Как иначе я мог думать, вспоминая его объятия, от которых по
моей коже иногда пробегала восхитительная прохладная дрожь, словно кто-то
теребил пушок на всем теле, веля ему просыпаться.
В ухаживаниях Гоблина, наверняка греховных, всегда ощущалось
что-то бесконечно интимное.
Как бы там ни было, я ничего не предпринимал, только
размышлял об этом и старался занять себя чем-то, но паника во мне тем временем
то возрастала, то затихала, каждодневно в часы сумерек доходя до пика.
Теперь, когда наступало лето и дни становились длиннее,
приступы ужаса длились дольше – иногда с четырех дня до восьми вечера. Я вновь
и вновь представлял, как подношу к виску пистолет и как пуля прервет эту боль.
Потом я думал, каково будет Папашке и тетушке Куин, и гнал прочь мысли о
самоубийстве.
Примерно в этот же период я заставил всех включать свет в
комнатах в четыре часа, что бы ни случилось, не обращая внимания ни на каких
постояльцев.
Я превращался в лорда Блэквуд-Мэнор – своеобразного
Маленького лорда Фаунтлероя.
Каждый вечер я неизменно включал классическую музыку во всех
гостиных и столовой, после чего проверял, свежи ли букеты, на местах ли стоит
мебель и ровно ли висят картины на стенах; а как только паника затихала, шел в
кухню к Папашке.
Но дед больше не разговаривал. Он сидел на стуле с прямой
спинкой и смотрел отсутствующим взглядом на дверную раму с сеткой. Находиться
рядом с ним было ужасно. Взгляд его с каждым днем становился все отрешеннее. Он
даже не огрызался в ответ, как когда-то это делала Большая Рамона. Я ничем не
мог его утешить.
Однажды вечером, когда паника стала невыносимой, да к ней
еще примешались тоска и страх стать голубым, я спросил у Папашки:
"Ты не думаешь, что Пэтси снова забеременеет только для
того, чтобы продать тебе младенца?"
Никто, даже я сам, не ожидал, что скажу такое Папашке. Мы с
ним общались не очень доверительно. Во всяком случае, никогда прежде не
обсуждали Пэтси.
Его ответ прозвучал спокойно и бесстрастно:
"Нет. Просто тогда, как мне показалось, подвернулся
подходящий случай. Я подумал, что смогу спасти этого ребенка. Решил, что хорошо
бы его вырастить и воспитать. Но, по правде говоря, я даже не был уверен, что
она сумеет выносить его, сколько положено, даже если захочет. За свою жизнь она
избавилась от слишком многих, а от этого женская утроба слабеет".
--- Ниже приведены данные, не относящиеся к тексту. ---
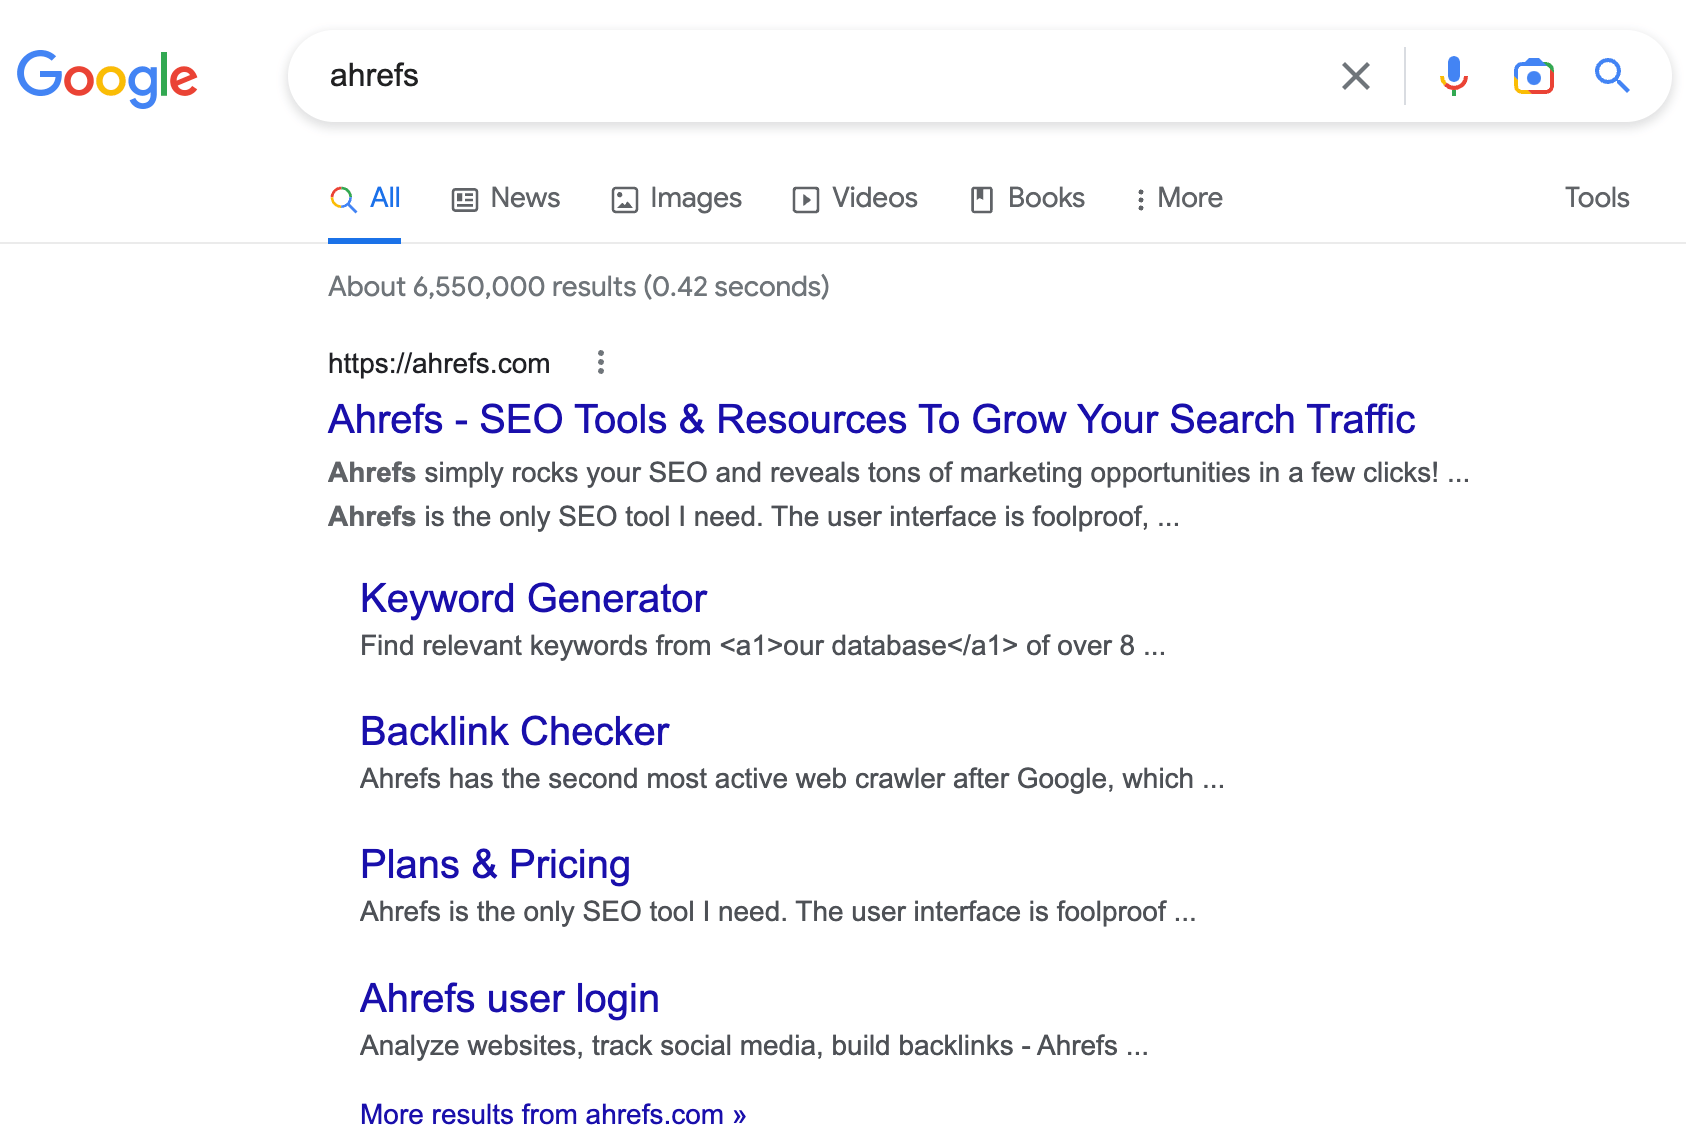 Google search results for keyword "ahrefs"

Меня изумила такая прямота. И я тут же задался вопросом, как
же удалось уцелеть мне. Может, он и тогда посулил ей денег. Но я не спросил.
Предпочел терзаться страхом, чем узнать правду. К тому же Папашка разговаривал
совсем бесцветным металлическим голосом. Рядом с ним мне было не по себе. Я
жалел его. Ни один из нас не сказал об этом больше ни слова.
А затем наконец – именно наконец! – пробило восемь, а
значит, я мог отправиться наверх и, сидя на краю кровати рядом с Большой
Рамоной, почувствовать себя в безопасности. Пока она расчесывала свои седые
длинные волосы и медленно заплетала их на ночь, мы болтали о пустяках, а потом
укладывались спать.
Однажды, около трех часов дня, я сидел на ступенях парадного
крыльца и, глядя в конец длинной ореховой аллеи, наблюдал, как меняется свет.
Сейчас я почти уверен, что это было во вторник и дом опустел – последние
постояльцы, что приезжали на выходные, успели уехать, а гости на предстоящий
уик-энд еще не прибыли.
Наступивший покой мне был ненавистен. Я вновь представил
себя с пистолетом у виска. "Что же мне сделать, – подумал я, –
чтобы выбросить эту мысль из головы? Отправиться порыбачить на пироге?" Но
для этого было слишком поздно, к тому же я не хотел измазаться и промокнуть на
болотах, а в доме все дела – абсолютно все – были переделаны.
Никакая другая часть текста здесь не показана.